Первым подбежал к Кобрику атлетически сложенный сержант. Он легко, как котенка, поднял Кобрика за шиворот и поставил на ноги.
— Пьяный? — и нюхнул. — Вроде нет!
Он отпустил Юру, и тот, пошатнувшись, с трудом устоял на ногах.
— Не знаю! — испуганно пролепетал он. — Как это случилось…
Но сержант не слушал его. Он занялся привычным делом вместе со своим коллегой.
Кобрик как во сне, тупо смотрел на их действия: гаишники измерили тормозной путь, спустились к пострадавшей машине, осмотрели ее внимательно.
Сержант опять поднялся к Кобрику.
— Кранты, чайник! Двоих завалил. Пятерик светит…
— Они убиты? — прохрипел Кобрик.
— Еще дышат, но их пока не довезли до больницы! — усмехнулся сержант. — Пошли в вертолет…
— А машина? — запротестовал Кобрик.
— О машинах побеспокоятся! — кивнул на напарника сержант. — Тебе-то что? Когда ты выйдешь, уже другая модель будет бегать.

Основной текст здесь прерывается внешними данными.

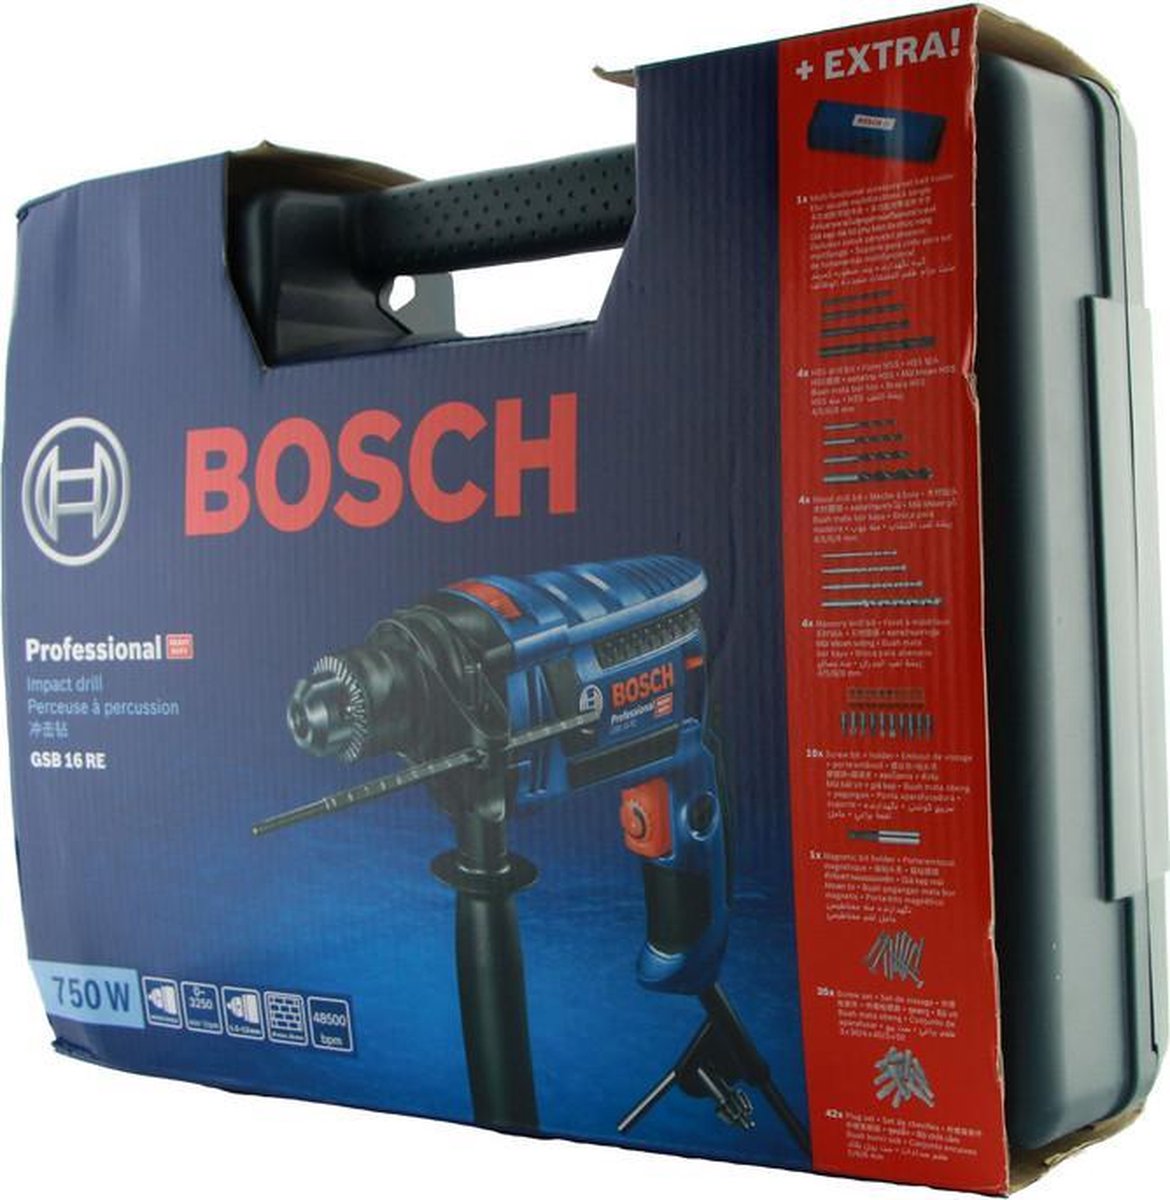 Perceuse à percussion Bosch Bleu GSB16RE 750W

Кобрик, с трудом передвигая ватные ноги, поплелся к вертолету. Он еще никогда не летал на вертолете и в другое время обрадовался бы такой возможности, но в данный момент он даже не сообразил, что летит в первый раз. Даже желание загадать не было сил, голова была чугунная, а в ней, как в ведре, стучала одна лишь мысль: «Убийца!»
И больше ни о чем не думалось. Не было ни прошлого, ни будущего…
Вертолет сел в Шереметьеве.
Кобрик с трудом вылез вслед за сержантом и, пригибая голову, отбежал вслед за ним на безопасное расстояние от вертолета, который тут же поднялся в воздух и улетел.
Сержант огляделся, явно в поисках машины, и, не найдя ее, закурил.
— Когда мне говорят: «Едем», всегда почему-то хочется спросить: «Откуда?»
Кобрик молчал, не вступая в диалог, думая о жене-невесте. Отупение отпустило немного, но Юра не давал себе воли думать о будущем — сплошная чернота и безысходность.
— Ну, что ж, потопали! — прождав минут десять, предложил Кобрику сержант. — Как говорится: если гора не идет к Магомету, Магомет идет к горе. Пошли, Магомет, в местный КПЗ.
Кобрик не возражал. Ему было все равно. Безразличие заполнило его без остатка. Куда идти, что делать? Одним словом, шок…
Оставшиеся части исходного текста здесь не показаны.